#### GOAL OF THE EXERCISE
In the records below, reproduce exactly the lines from the one containing "180216-N-PN275-1006 SAN DIEGO" through the one containing "Thierry Henry will", both included, and omit the pictures.

#### DATA FOR ANALYSIS
--- START ---

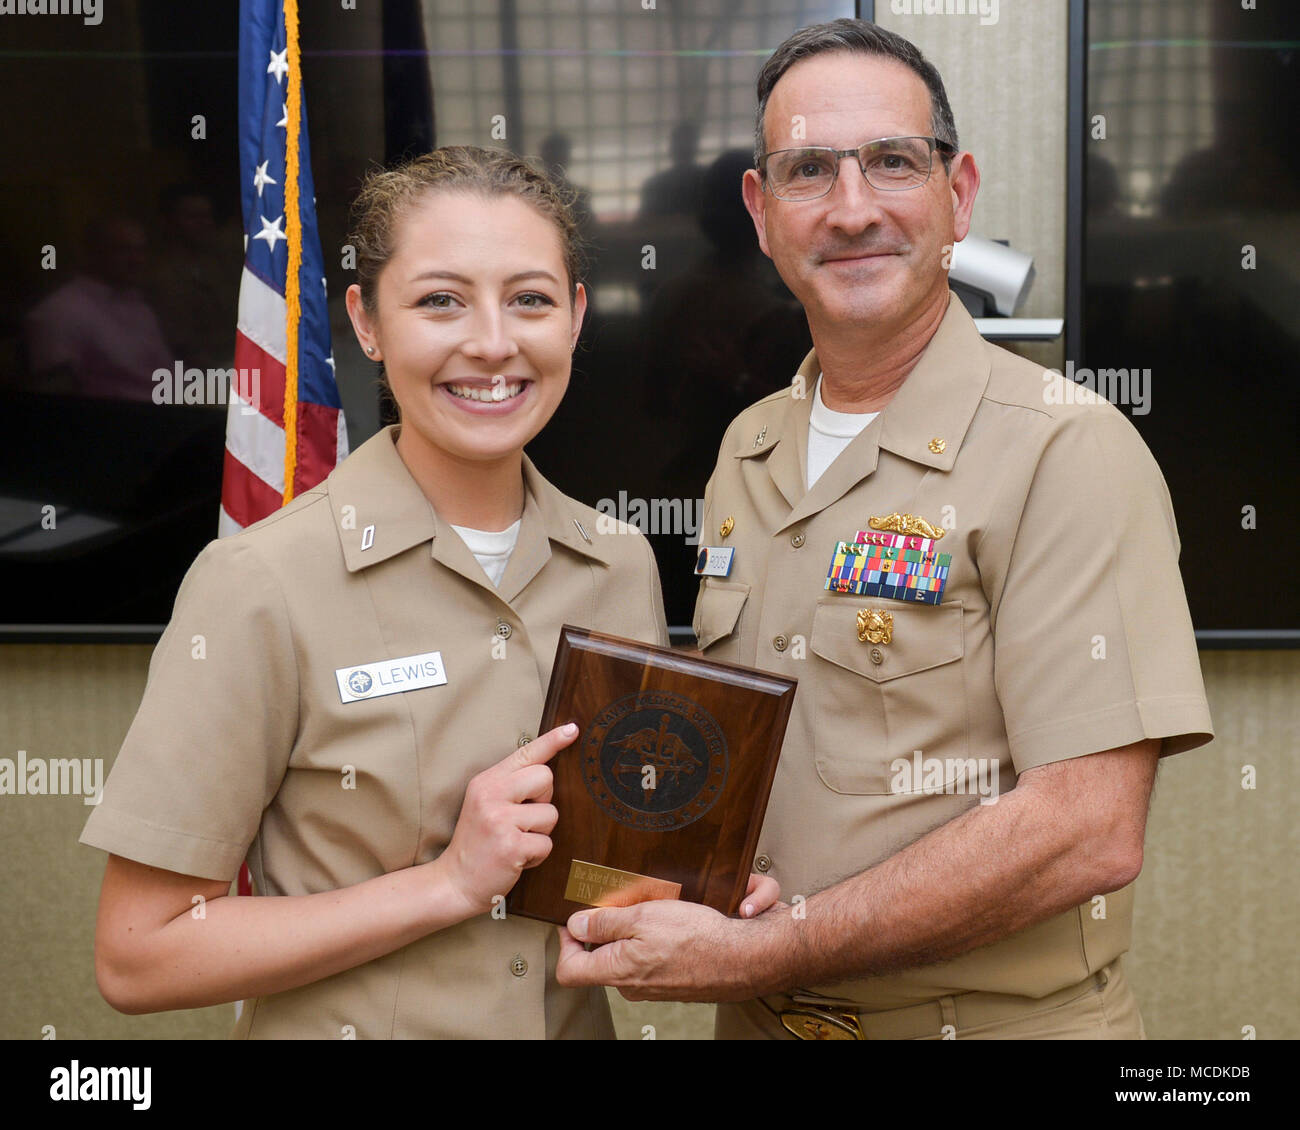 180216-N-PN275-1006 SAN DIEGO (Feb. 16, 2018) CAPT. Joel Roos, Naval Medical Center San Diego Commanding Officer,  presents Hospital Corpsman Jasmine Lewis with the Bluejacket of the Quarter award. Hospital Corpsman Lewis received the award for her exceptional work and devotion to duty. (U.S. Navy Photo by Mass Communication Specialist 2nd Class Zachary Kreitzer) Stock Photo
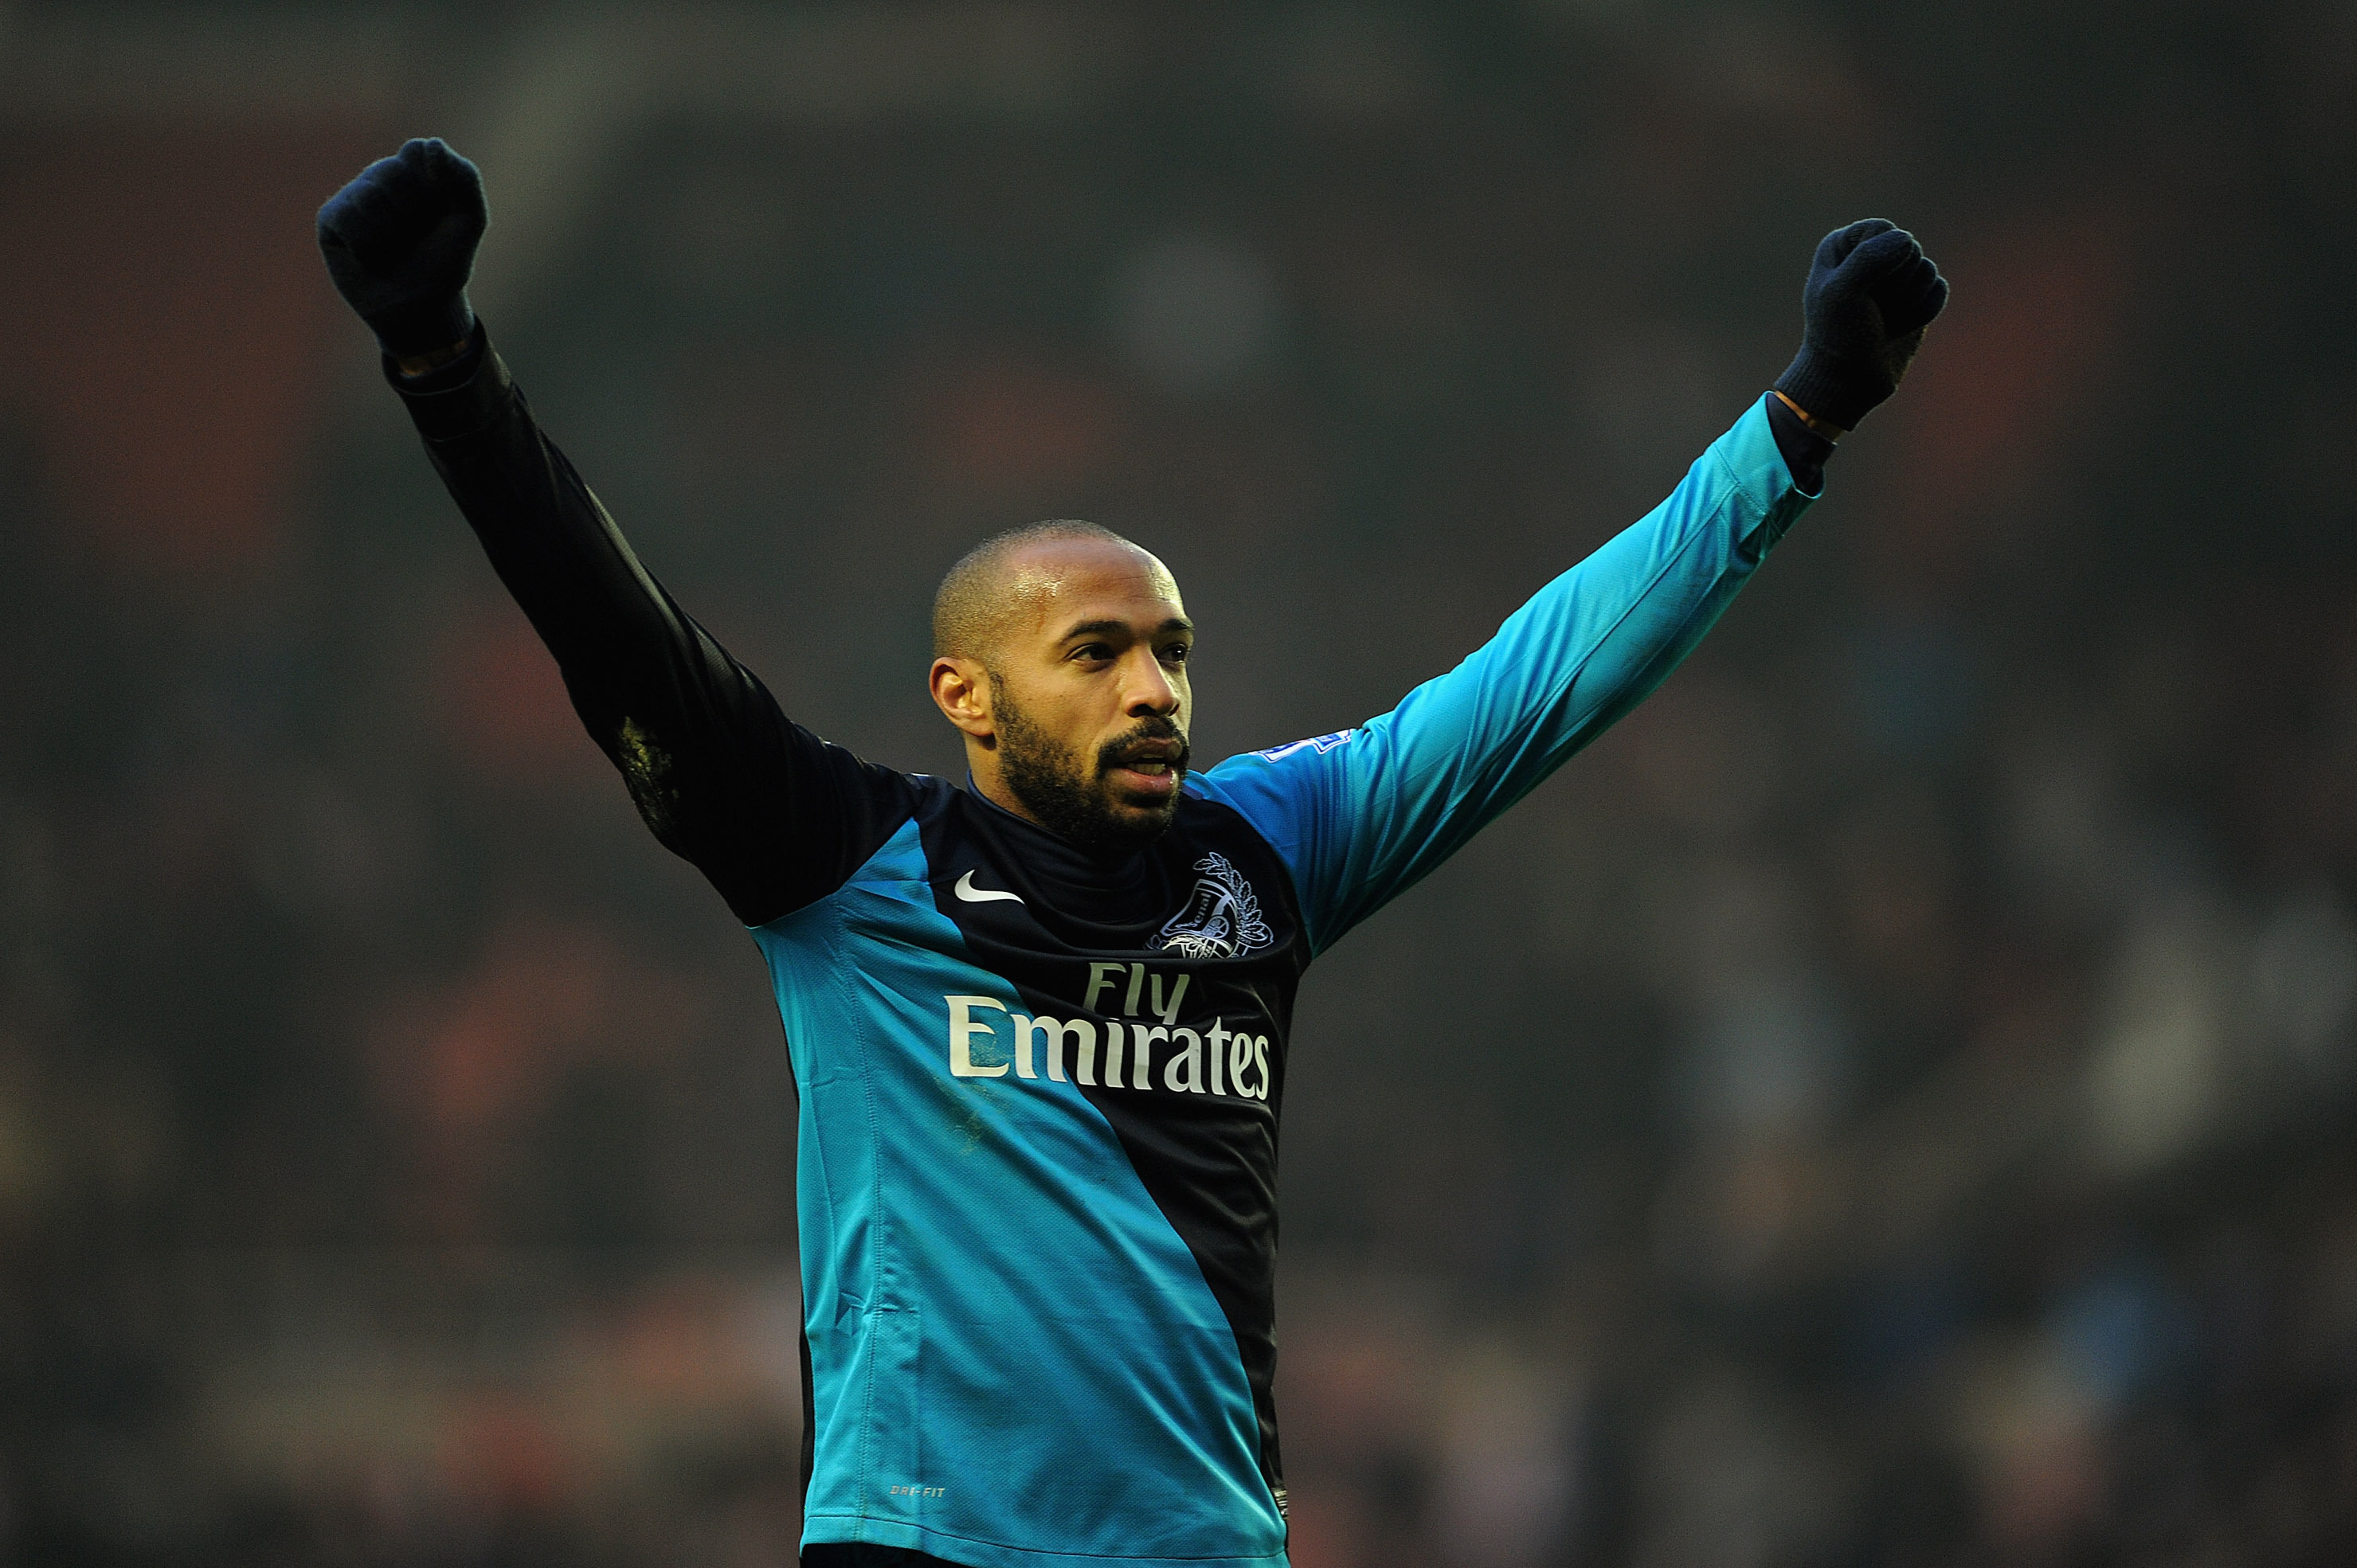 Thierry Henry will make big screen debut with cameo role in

--- END ---
--- START ---

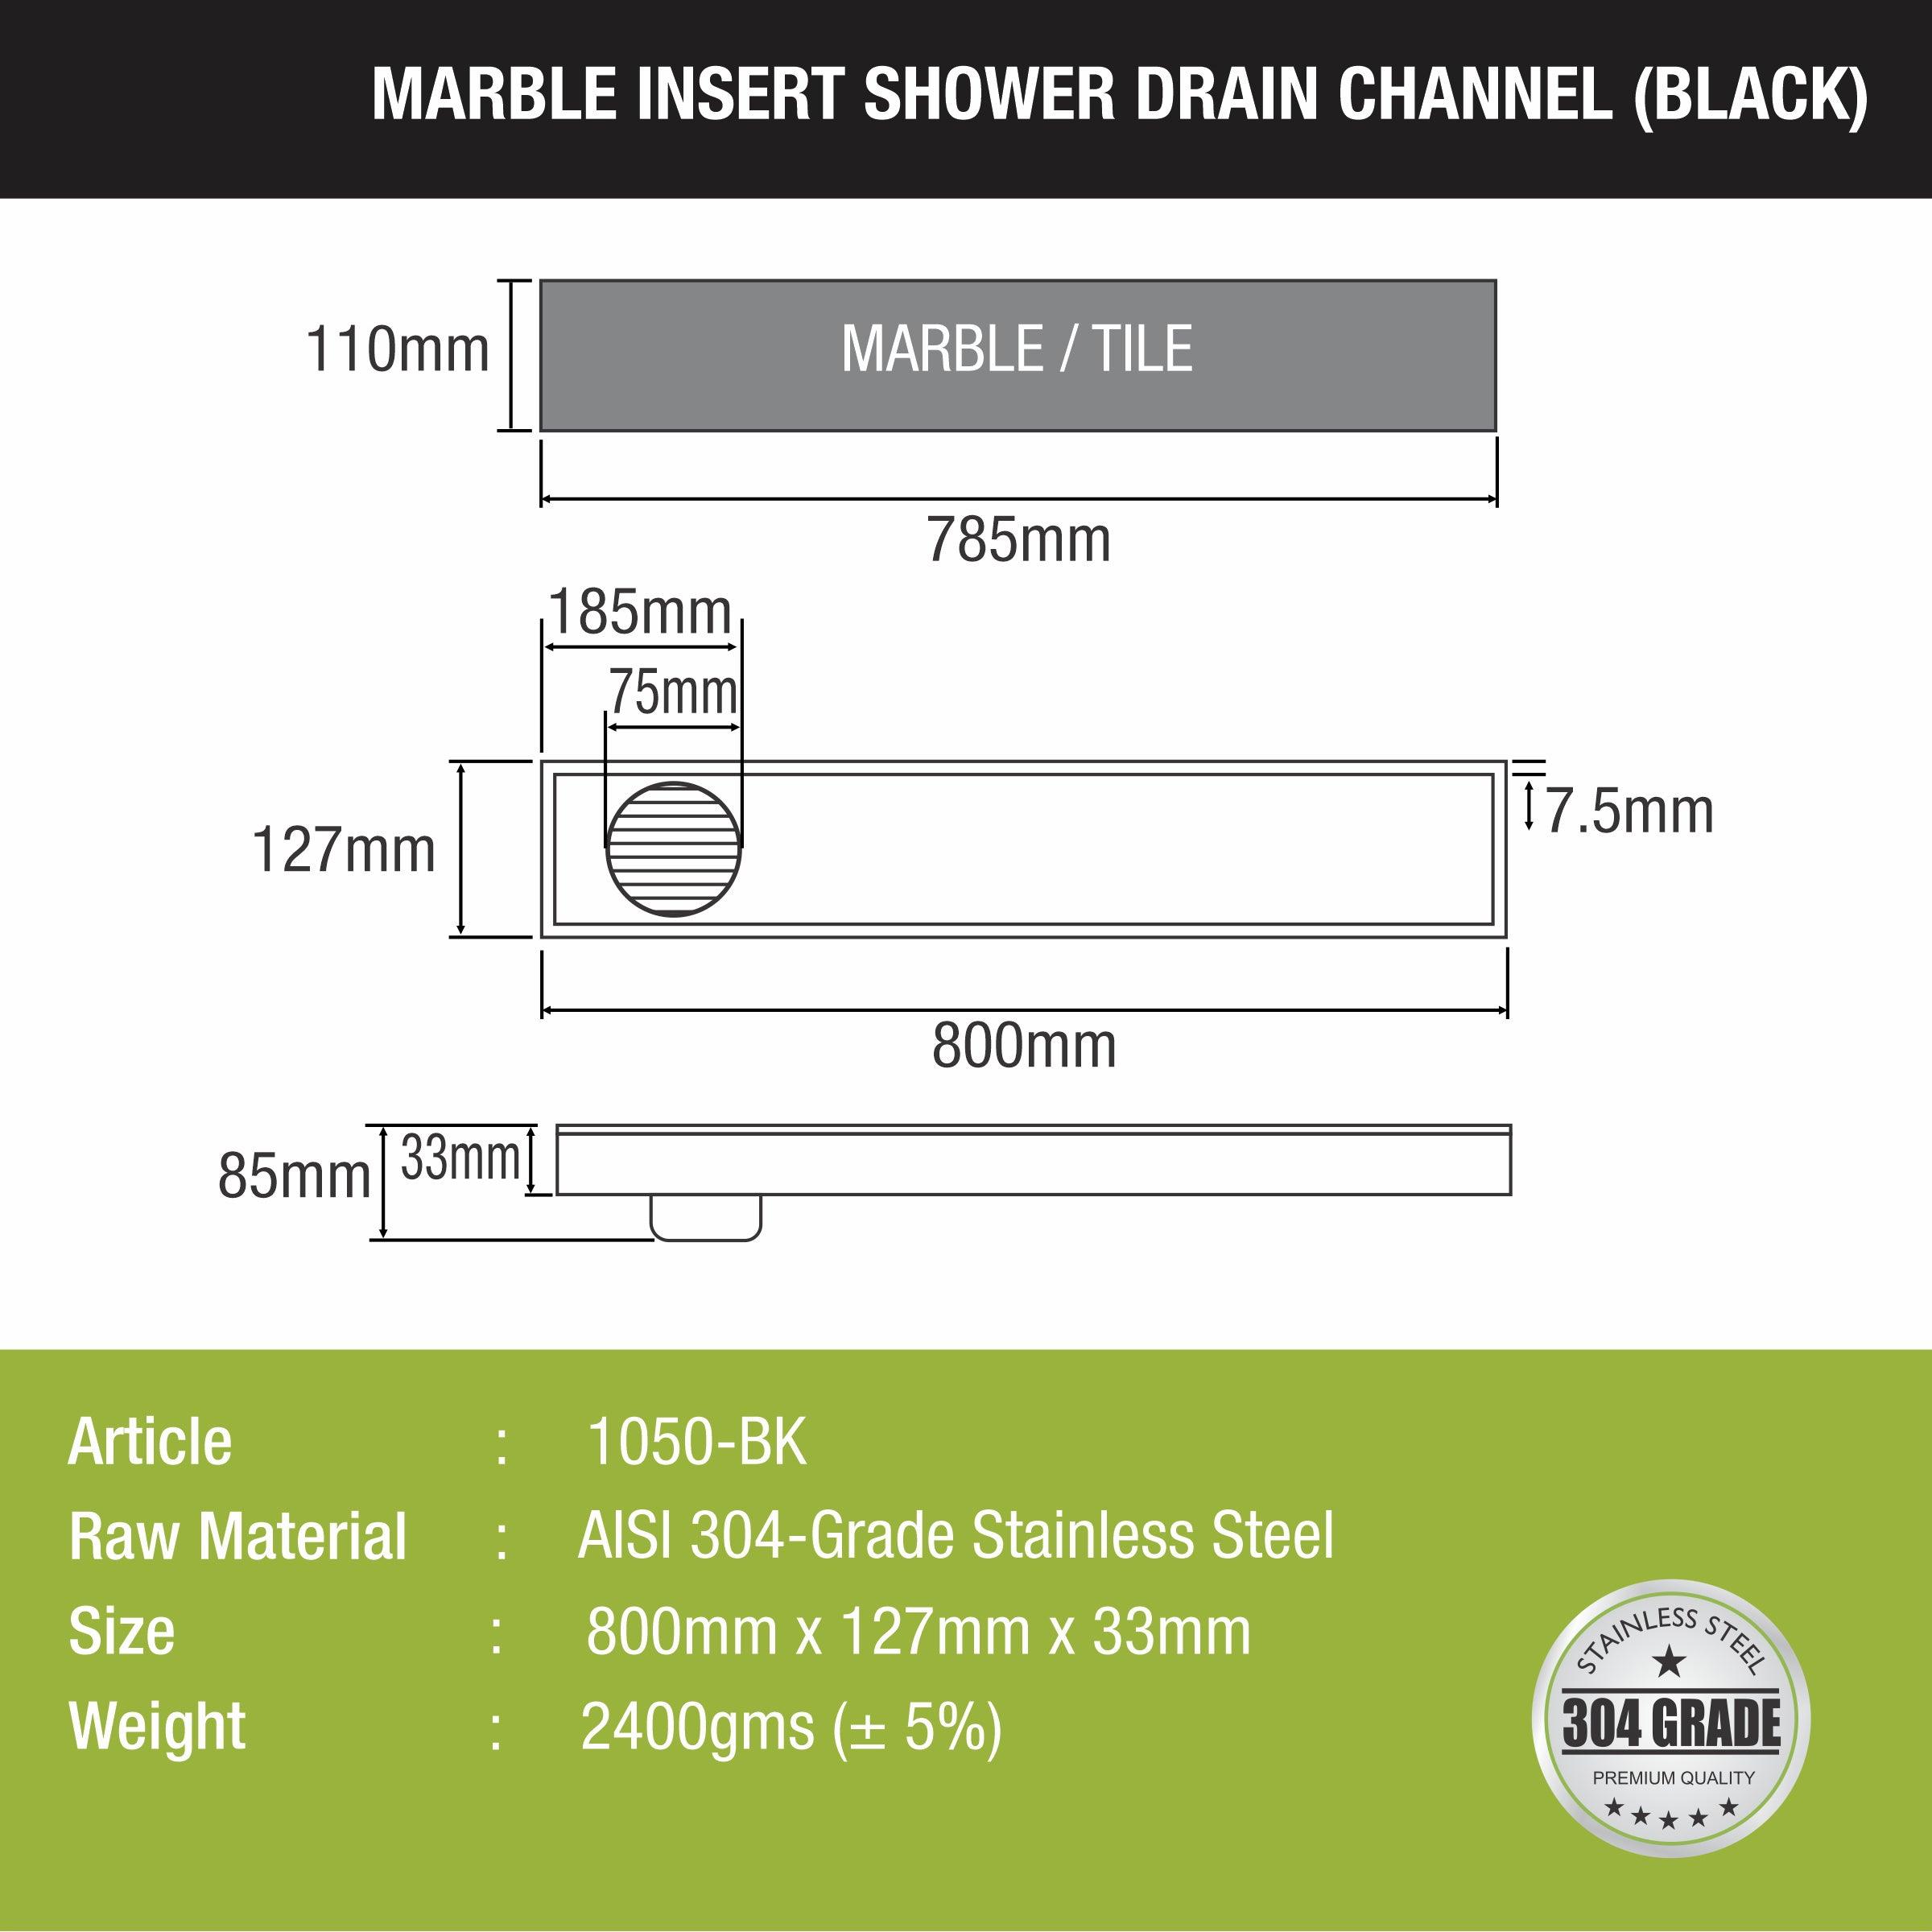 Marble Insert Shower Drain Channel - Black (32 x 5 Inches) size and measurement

--- END ---

#### EXERCISE SOLUTION
 180216-N-PN275-1006 SAN DIEGO (Feb. 16, 2018) CAPT. Joel Roos, Naval Medical Center San Diego Commanding Officer,  presents Hospital Corpsman Jasmine Lewis with the Bluejacket of the Quarter award. Hospital Corpsman Lewis received the award for her exceptional work and devotion to duty. (U.S. Navy Photo by Mass Communication Specialist 2nd Class Zachary Kreitzer) Stock Photo
 Thierry Henry will make big screen debut with cameo role in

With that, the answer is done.